**DATA SECTION:**
┌────────

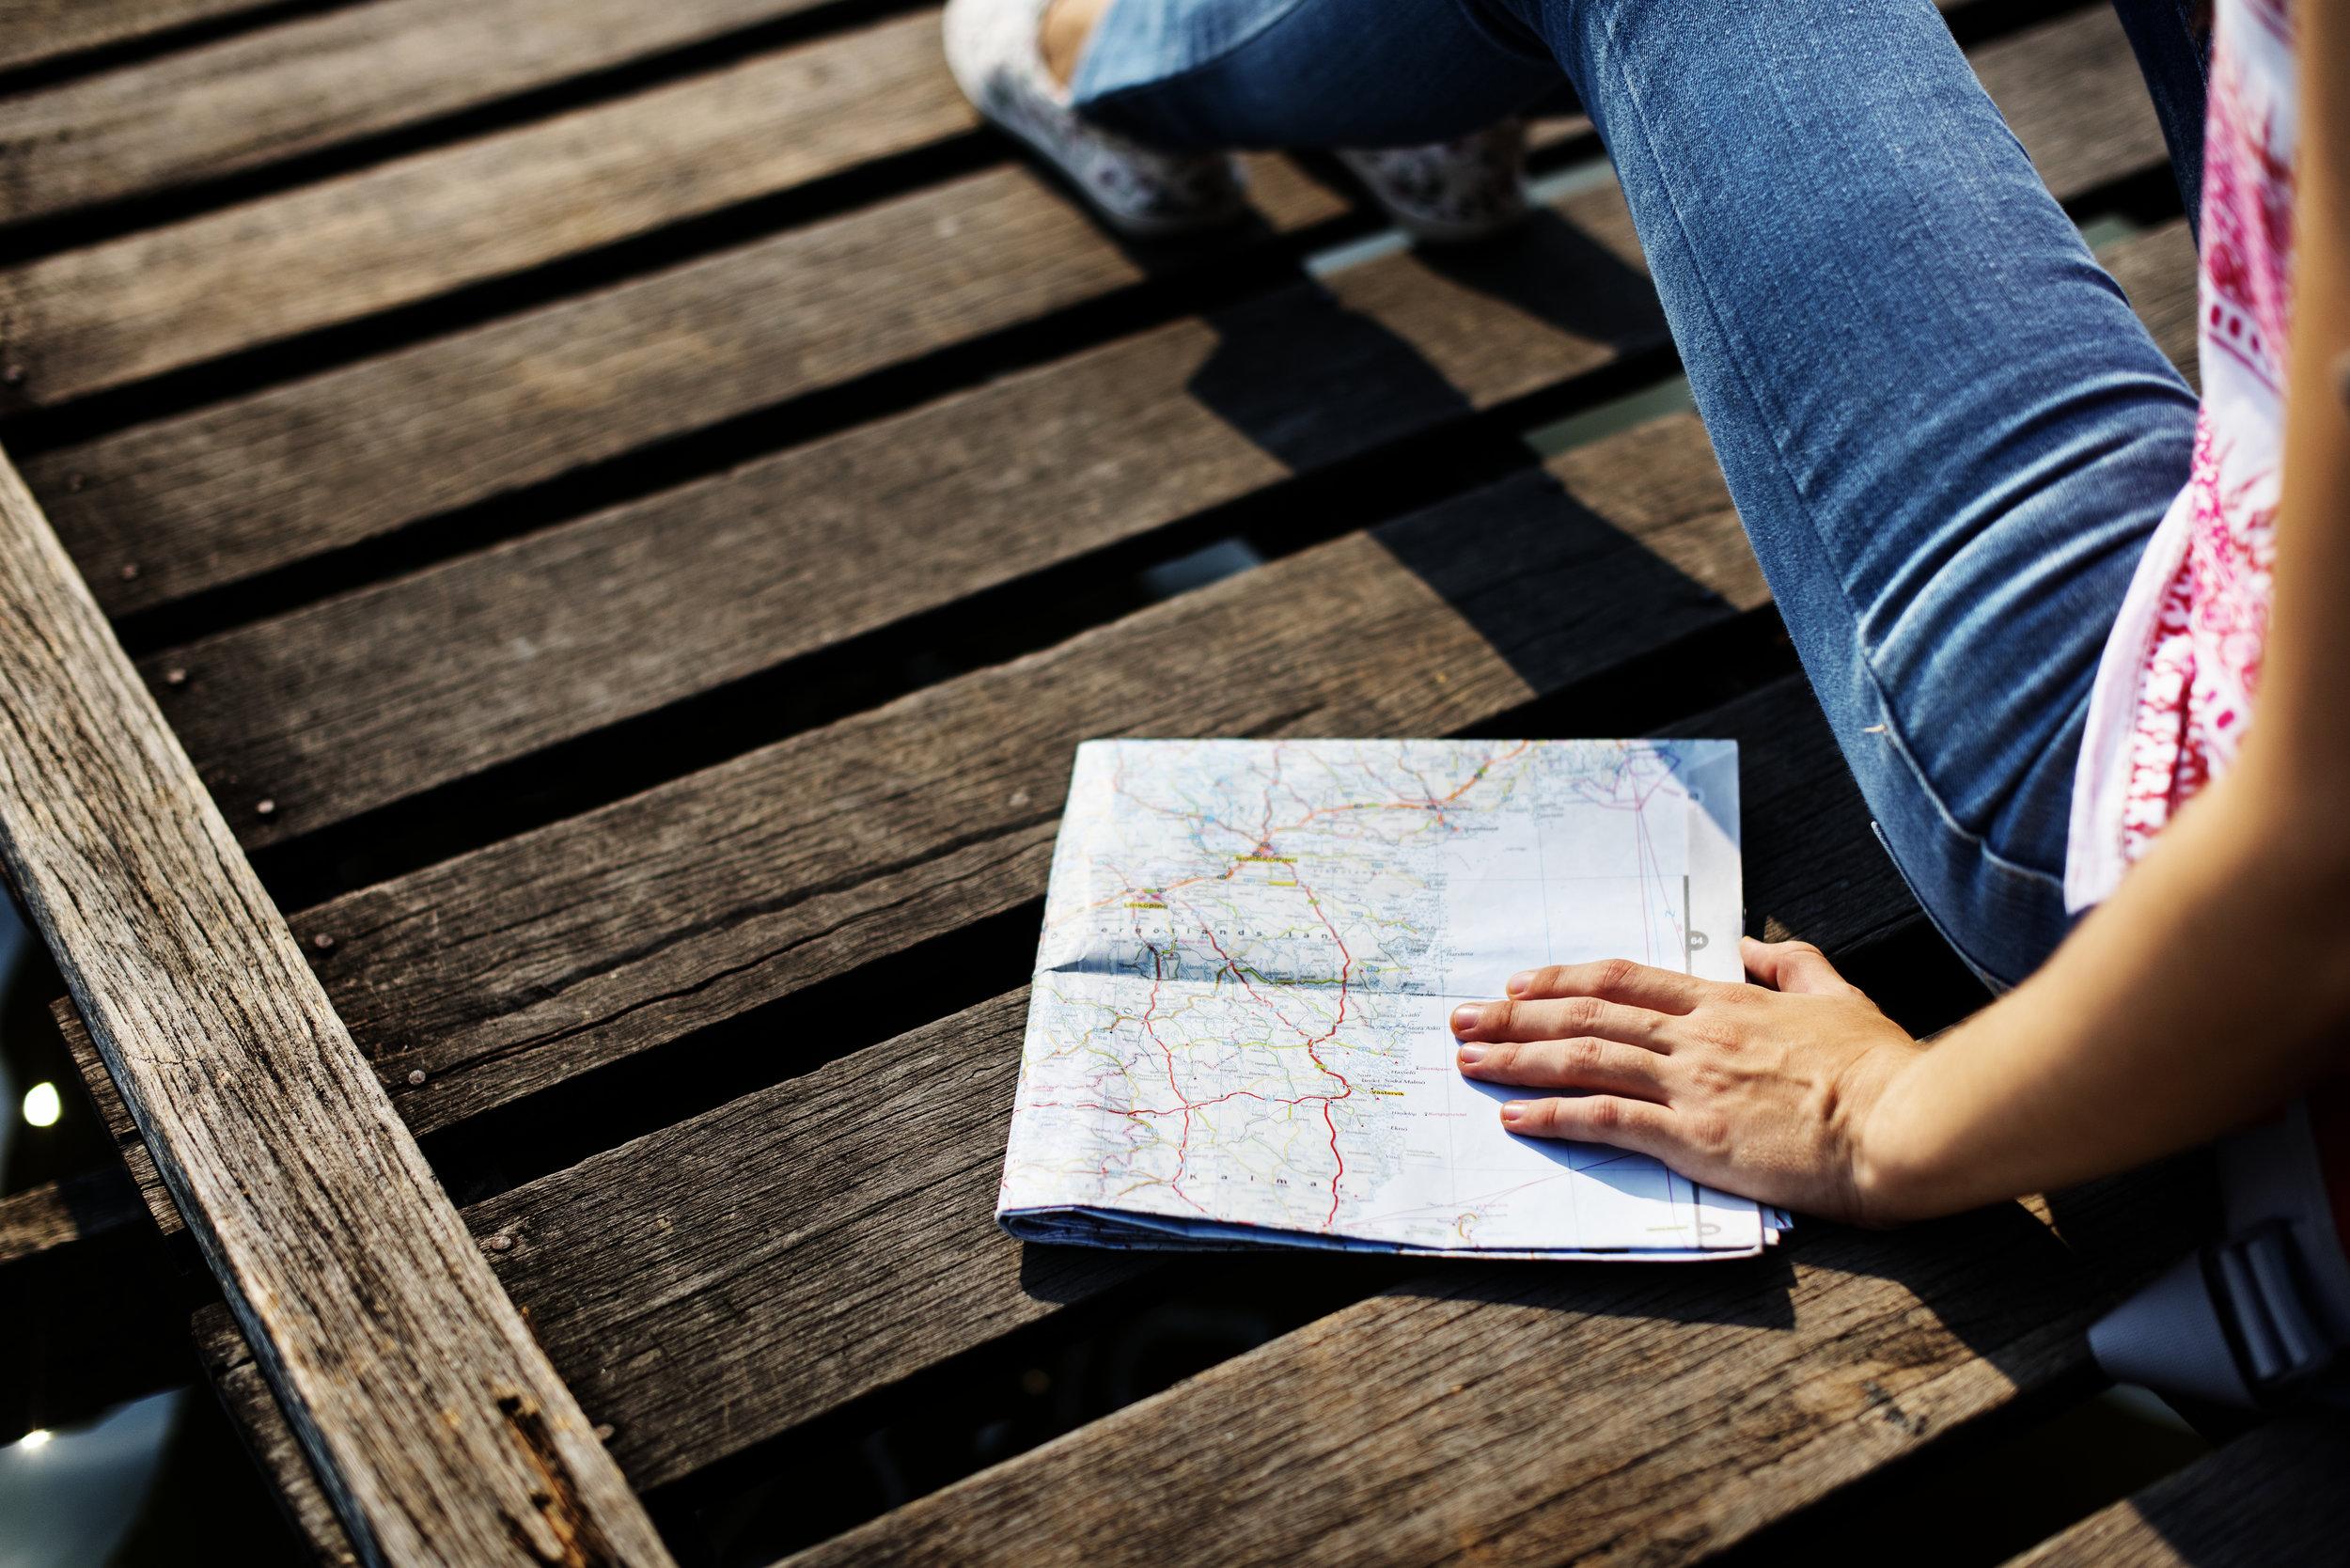 Escoge tu ruta y paradas - Esta es una etapa que dependerá de cómo eres y cuáles son tus gustos. Cada viajera es diferente y debe organizar su ruta de acuerdo con sus expectativas y no las de otros. Sin embargo, es muy recomendable que tengas al menos claro cuáles son los lugares que no deberías perderte. Sé inteligente, organiza tu ruta que cumpla dos propósitos simultáneos: ahorro de tiempo y dinero.
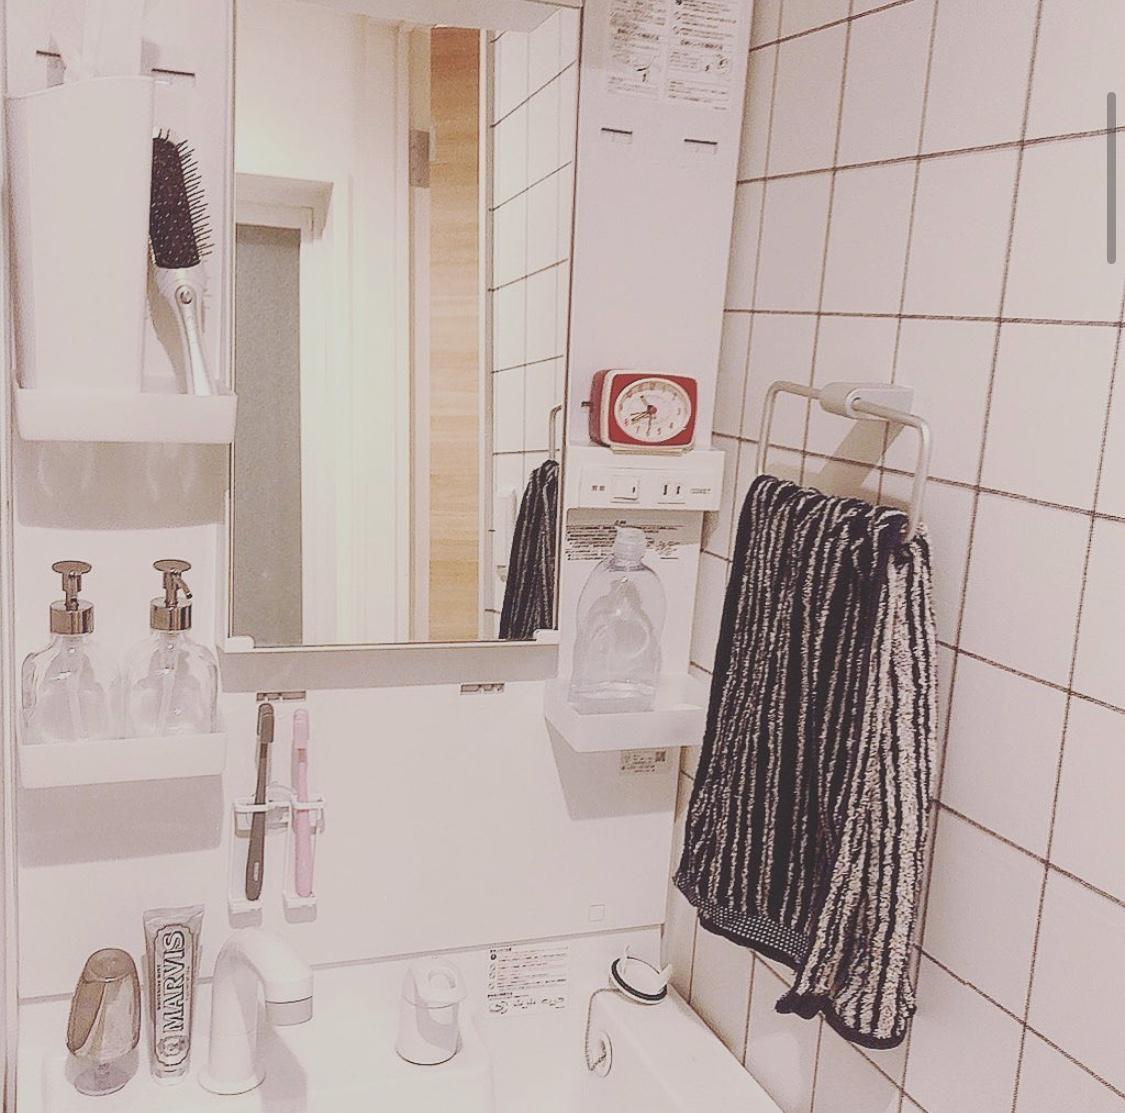 【賃貸インテリア】ふつうの独立洗面台でも諦めない!壁紙をチェンジしておしゃれにアップデートしてみた。_1
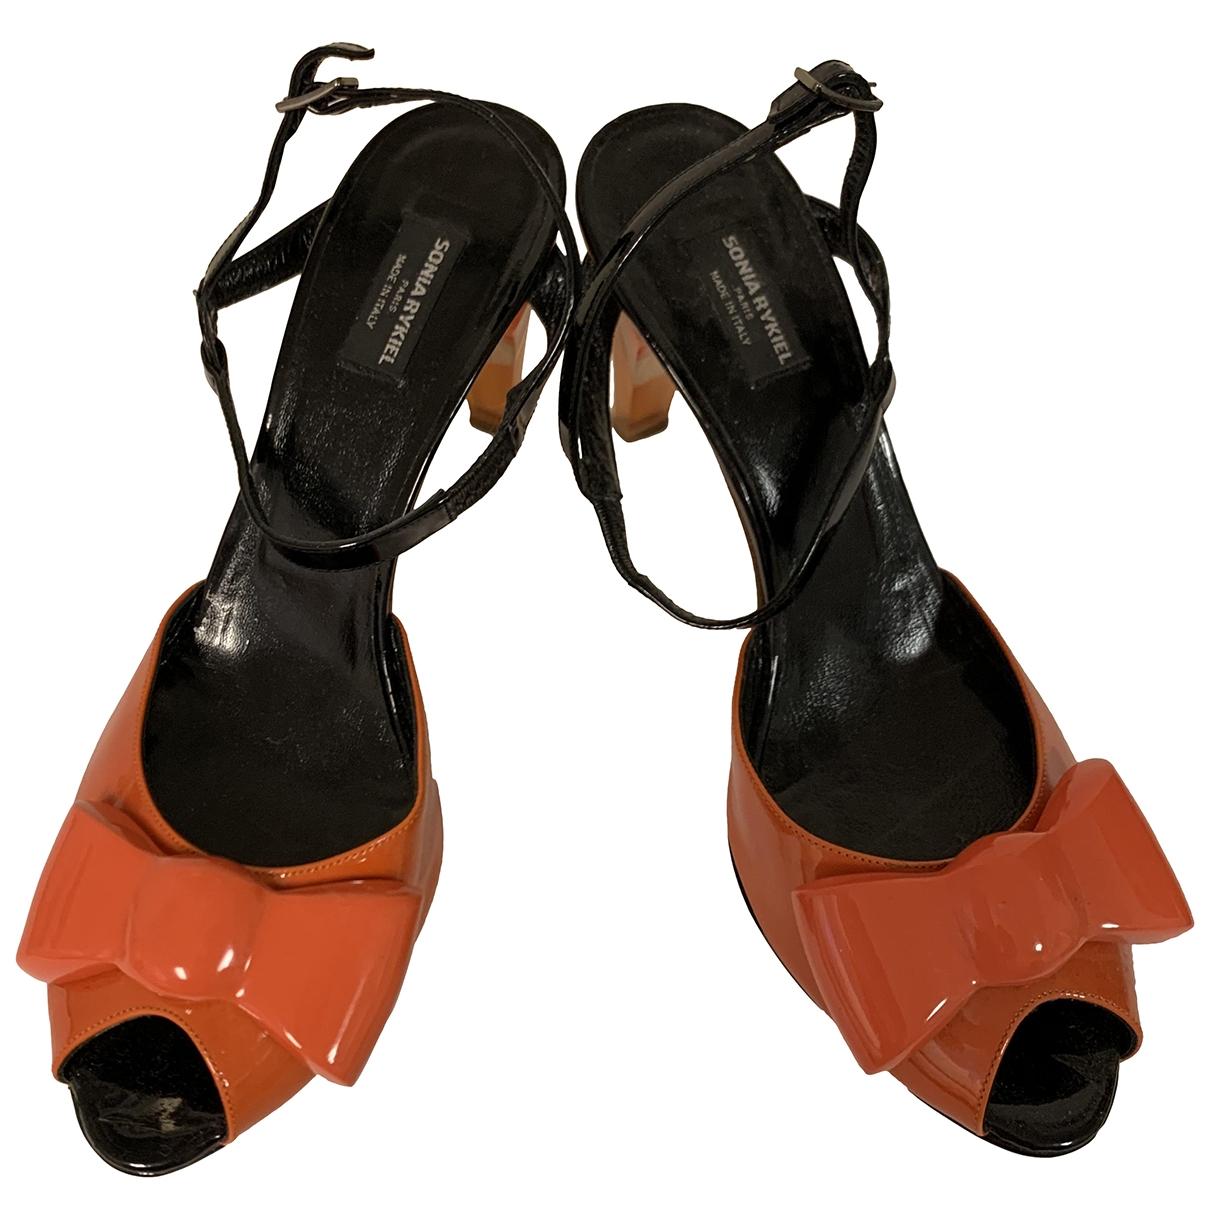 Sonia By Sonia Rykiel - Sandales   pour femme en cuir verni - orange

└────────

**EXERCISE AIM:**
All of the material must be given again exactly, though no picture may appear in the copy.

**YOUR SOLUTION:**
 Escoge tu ruta y paradas - Esta es una etapa que dependerá de cómo eres y cuáles son tus gustos. Cada viajera es diferente y debe organizar su ruta de acuerdo con sus expectativas y no las de otros. Sin embargo, es muy recomendable que tengas al menos claro cuáles son los lugares que no deberías perderte. Sé inteligente, organiza tu ruta que cumpla dos propósitos simultáneos: ahorro de tiempo y dinero.
 【賃貸インテリア】ふつうの独立洗面台でも諦めない!壁紙をチェンジしておしゃれにアップデートしてみた。_1
 Sonia By Sonia Rykiel - Sandales   pour femme en cuir verni - orange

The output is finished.